■ **Work instructions**
Only the pictures are to be left out; return the rest of the data exactly as it stands.

■ **Dataset excerpt**
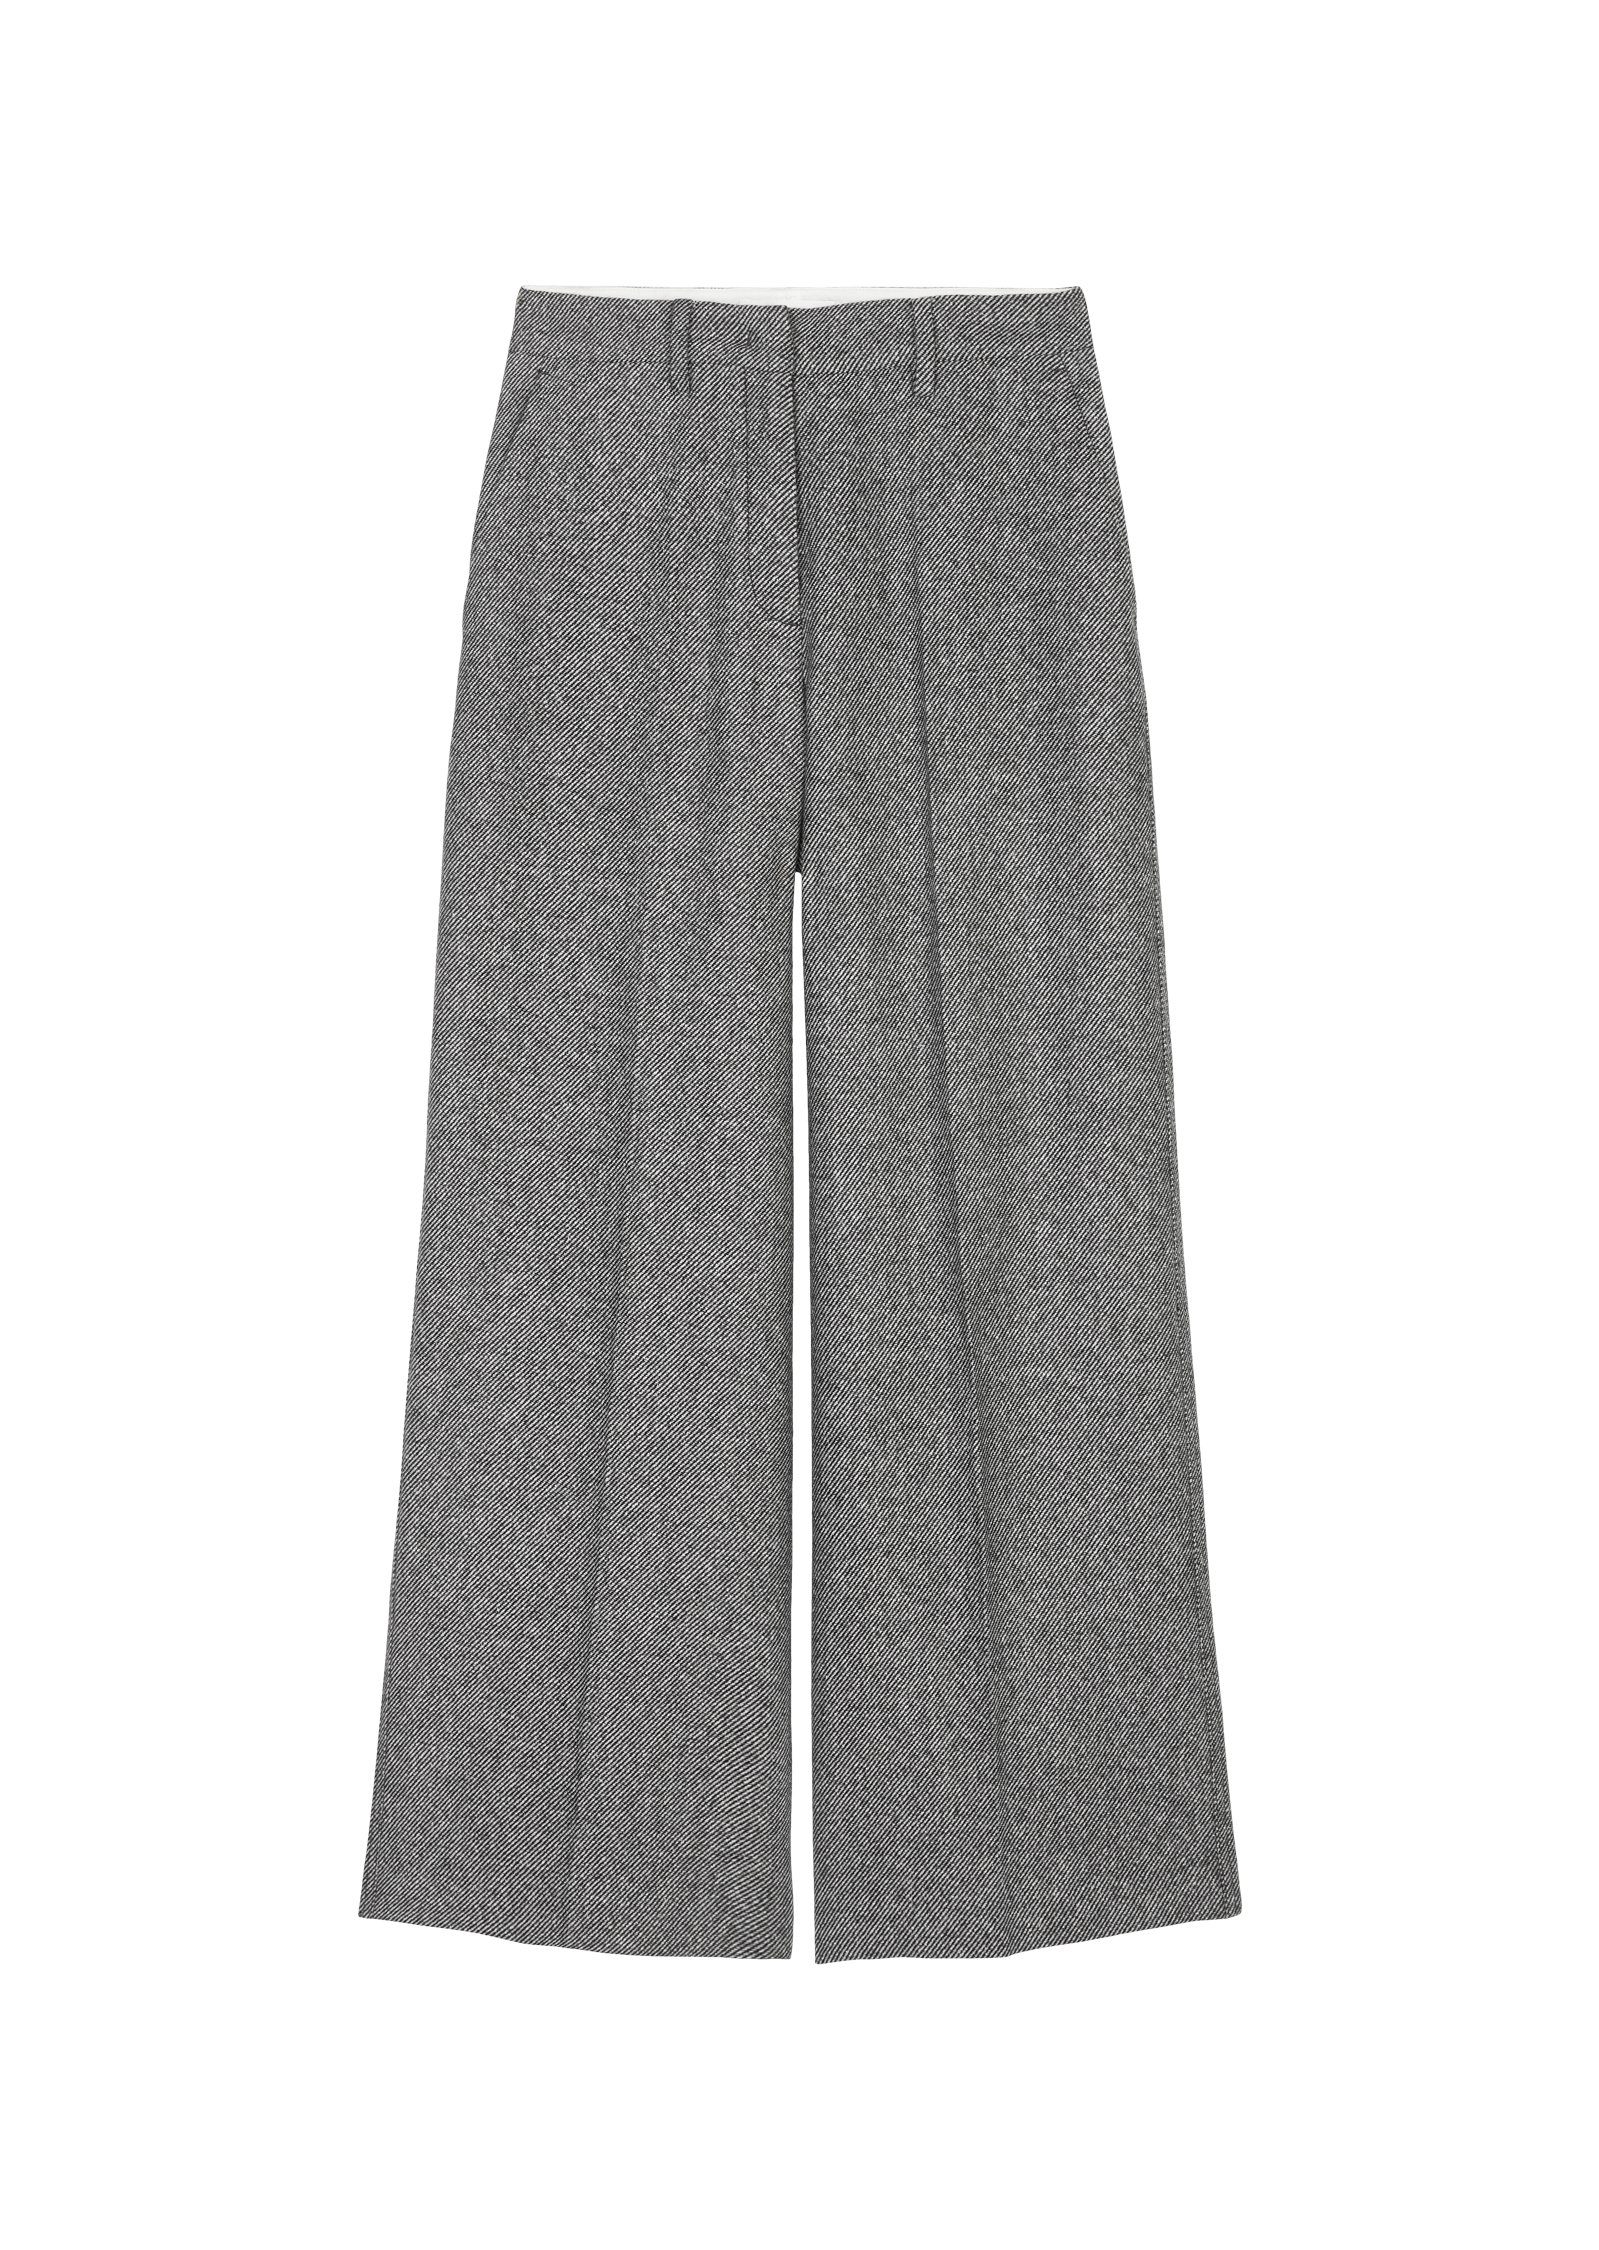 fit, style, modern Marc h suiting O'Polo Maxirock Pants,
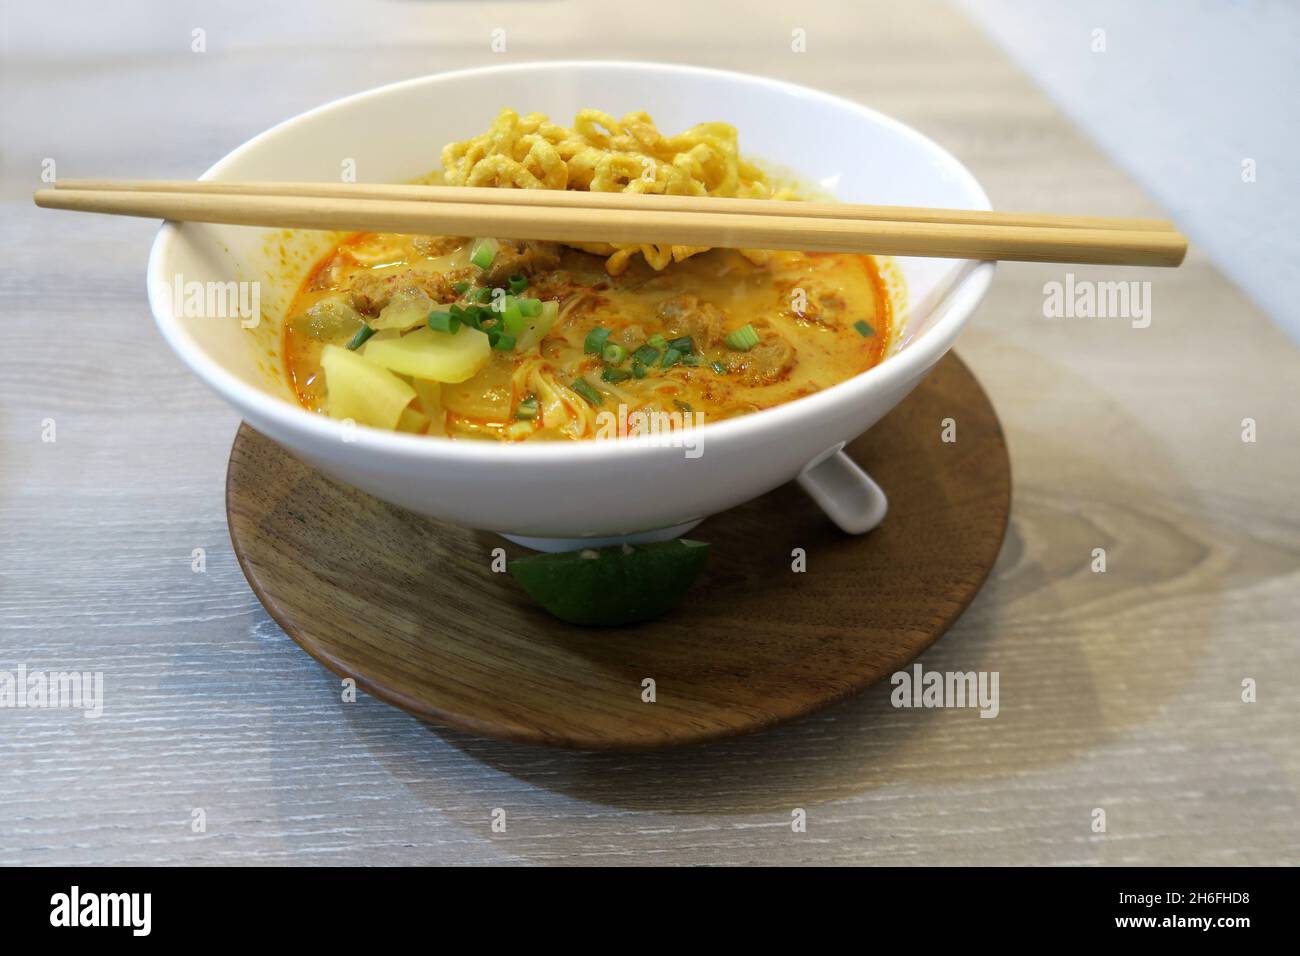 Chiang Mai curried noodles (Khao soi) Stock Photo
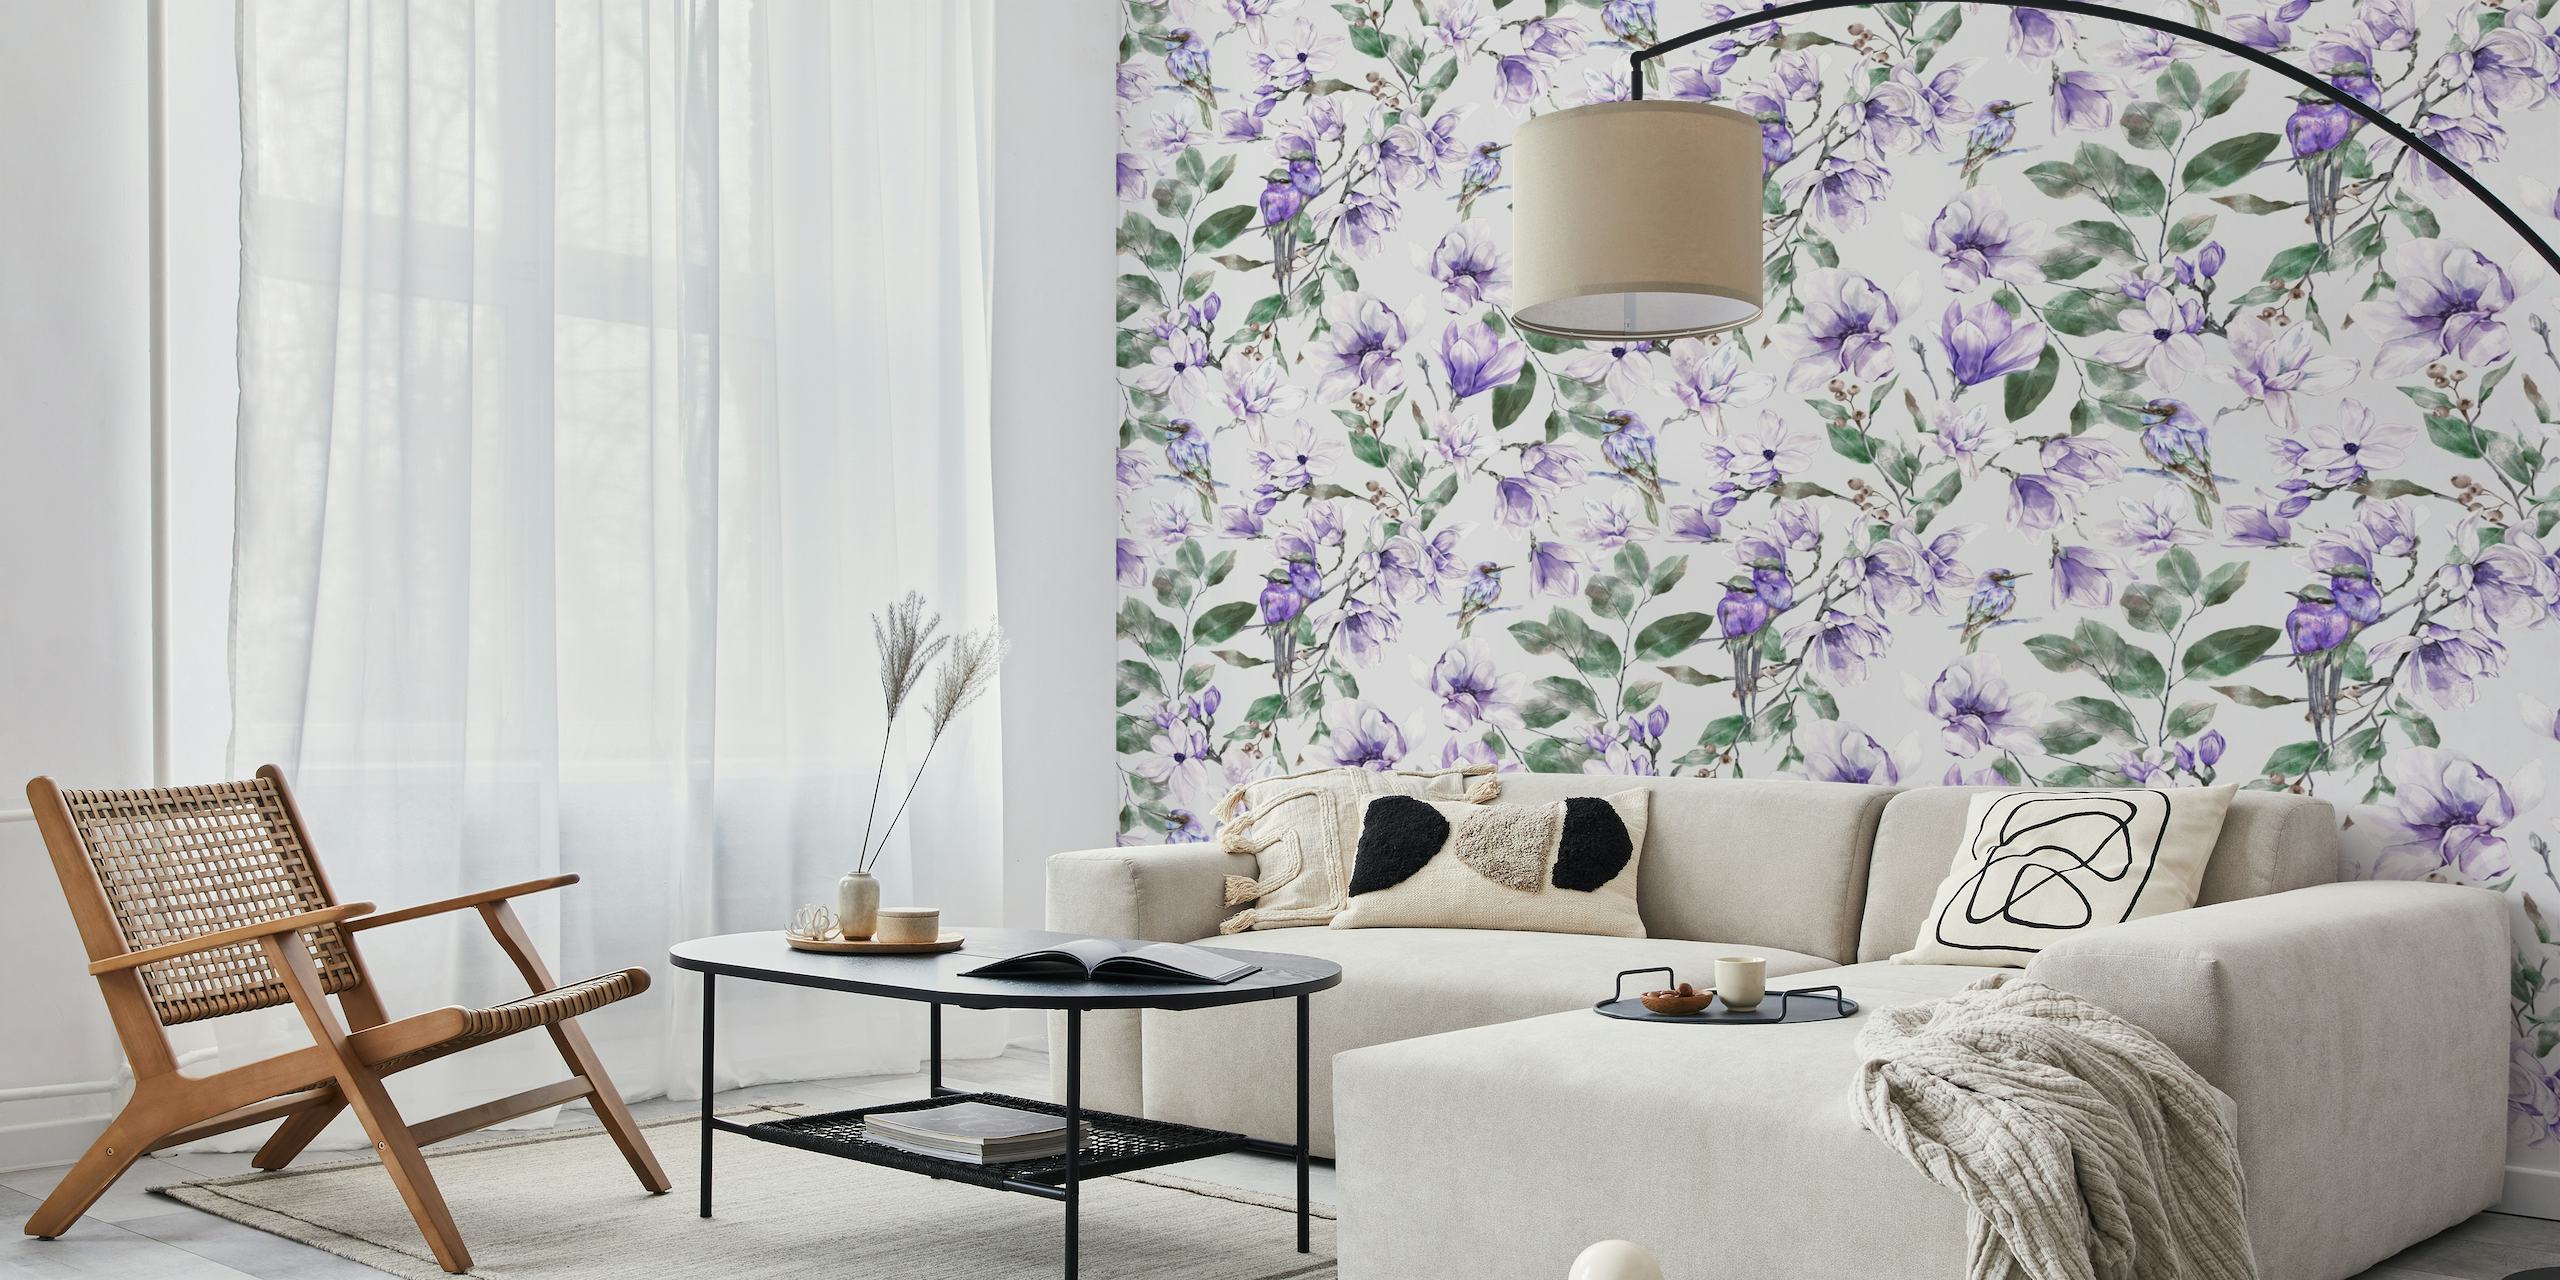 Asian Violet 1 wall mural featuring delicate purple flowers and green leaves on a light background

■ **Response**
 fit, style, modern Marc h suiting O'Polo Maxirock Pants,
 Chiang Mai curried noodles (Khao soi) Stock Photo
 Asian Violet 1 wall mural featuring delicate purple flowers and green leaves on a light background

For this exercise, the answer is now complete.